# Butchering costs?



## Laurie J

Hello!

We've raised lambs for several years, and our kids show market lambs at the fair. The rest we sell at auction. With the increasing cost of grain, we've decided we aren't making enough. People have wanted to buy lamb from us for a while, and this year we decided to try that route with a few lambs. We're selling pasture/grain fed 140 lb. Suffolk market lambs to them for $175 on the hoof. They wanted us to arrange the butchering, etc., and we were surprised to find out that the "kill cost" is $55 a head. Does this seem excessive, or is that the going rate? They will pay for cut/wrap, and half the kill cost. Next year we'll pass the whole fee on to them.

What is everybody else doing with their lambs? Thanks!

~Laurie


----------



## thatcompchick

We pay $70 for USDA kill, cut and vac wrap. We don't grain feed so the additional cost is pretty negligible.

Andrea


----------



## RiverPines

We dont grain feed either!
We have our lambs go from teat to pan and graze with the ewes.

Our lambs grow fast.
Our 4 month old ewe lamb right now is as tall as the ewe and almost as bulky. 
Mine are Leicesters.

Cant help with cost. We butcher ourselves and eat it all.


----------



## cathleenc

We can get lambs/sheep/goats (size does not matter) killed and custom butchered/wrapped/frozen for $70 total. Any sausage making or smoking is extra.

The $55 kill fee seems steep. The kill fee for beef, up to 2000 lbs, is $50 at our closest butcher (which is also the most expensive around).


----------



## Ross

Rideau meats (licensed and inspected) in Smiths falls Ontario; kill fee for lamb is $25 butchering is a little more variable but roughly the same and vac packed.


----------



## ajaxlucy

Kill, butcher, wrap, freeze around here seems to run anywhere from about $40-$120, depending on where you go. I pass the entire cost onto people who buy lambs from us.


----------



## hintonlady

My local butchers charge between $30 to $40 for the kill and .45 to .50 per lb. hanging weight for the cutting/wrapping. 

I took in two feeder lambs who made a approx total of 70 lb. meat, cost me near $100, but consider it did have two kill costs too.

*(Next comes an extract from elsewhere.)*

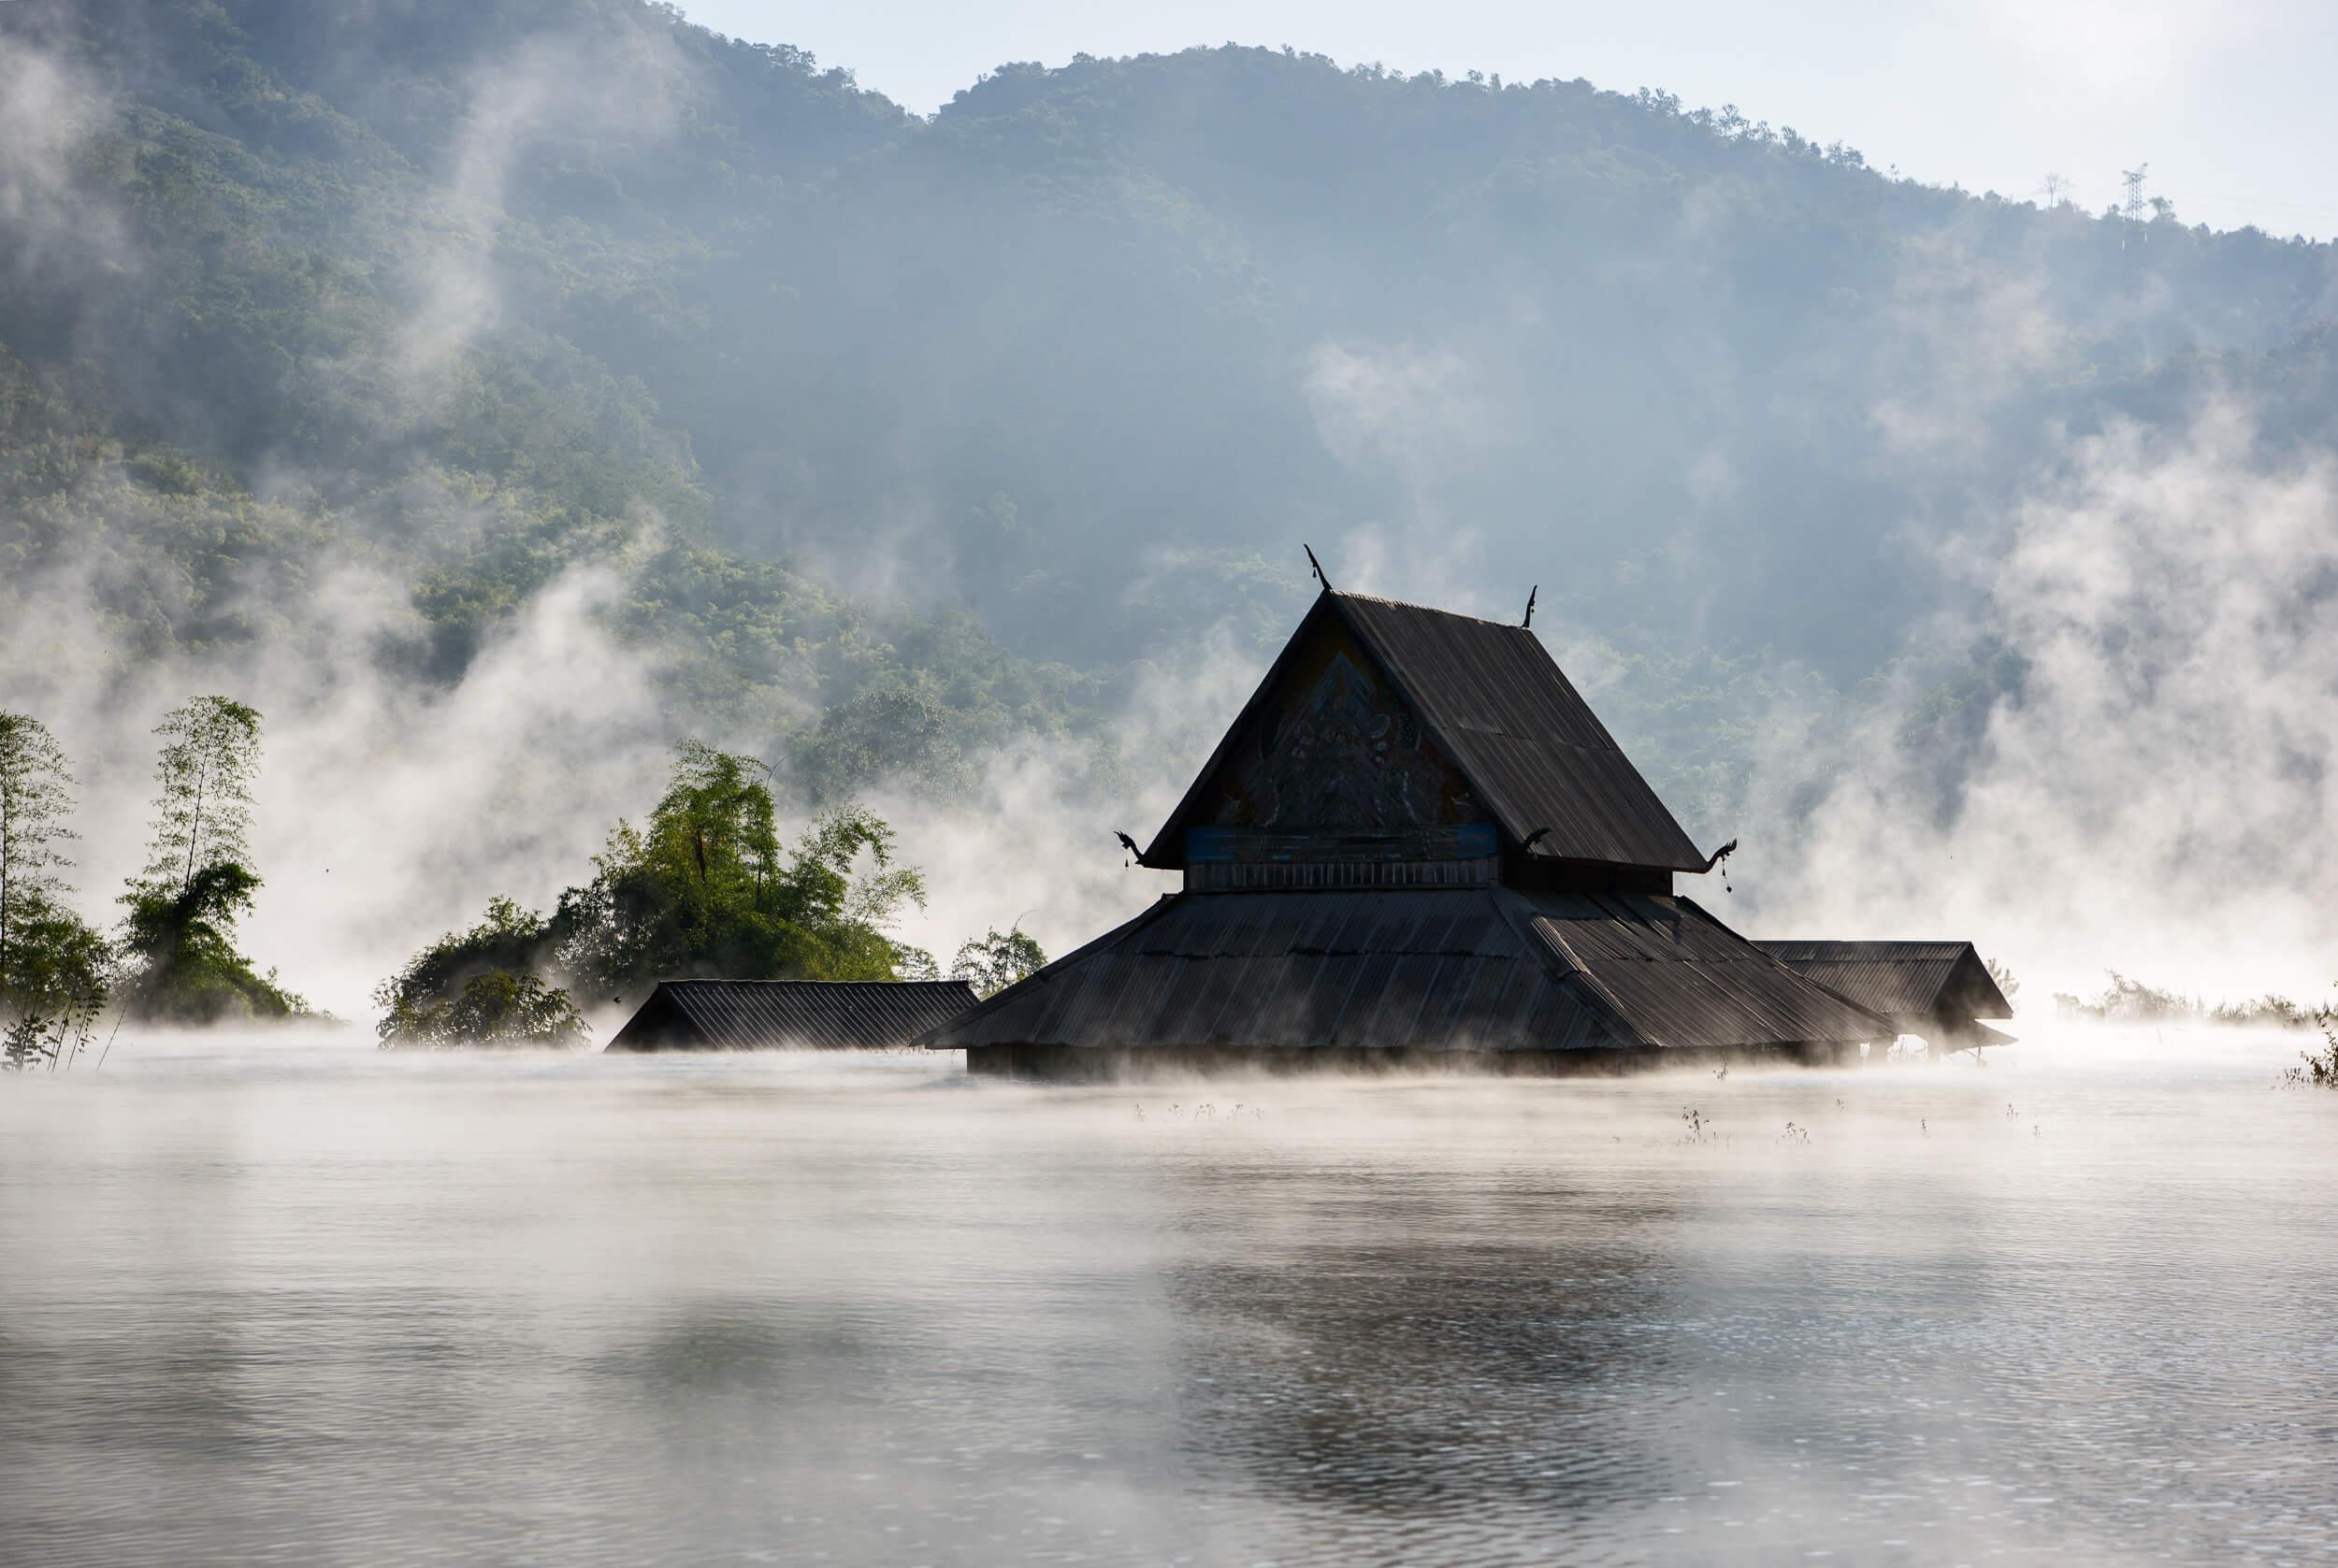 Nam Ou River in Laos

At $175 for 140 lb. lambs I would gift wrap the meat, at least in my area you are making a KILLING in profit. Average market here fluctutates at about a buck per lb. live weight.


----------



## shepmom

It's been a few years since we took one to be butchered. The kill fee was $25 and 35 cent per pound for cuts. I would charge full fee if people ask for for butchering services.
Plus you are having to deliver the animal...do you pick up the meat too?? Consider gas costs and your time.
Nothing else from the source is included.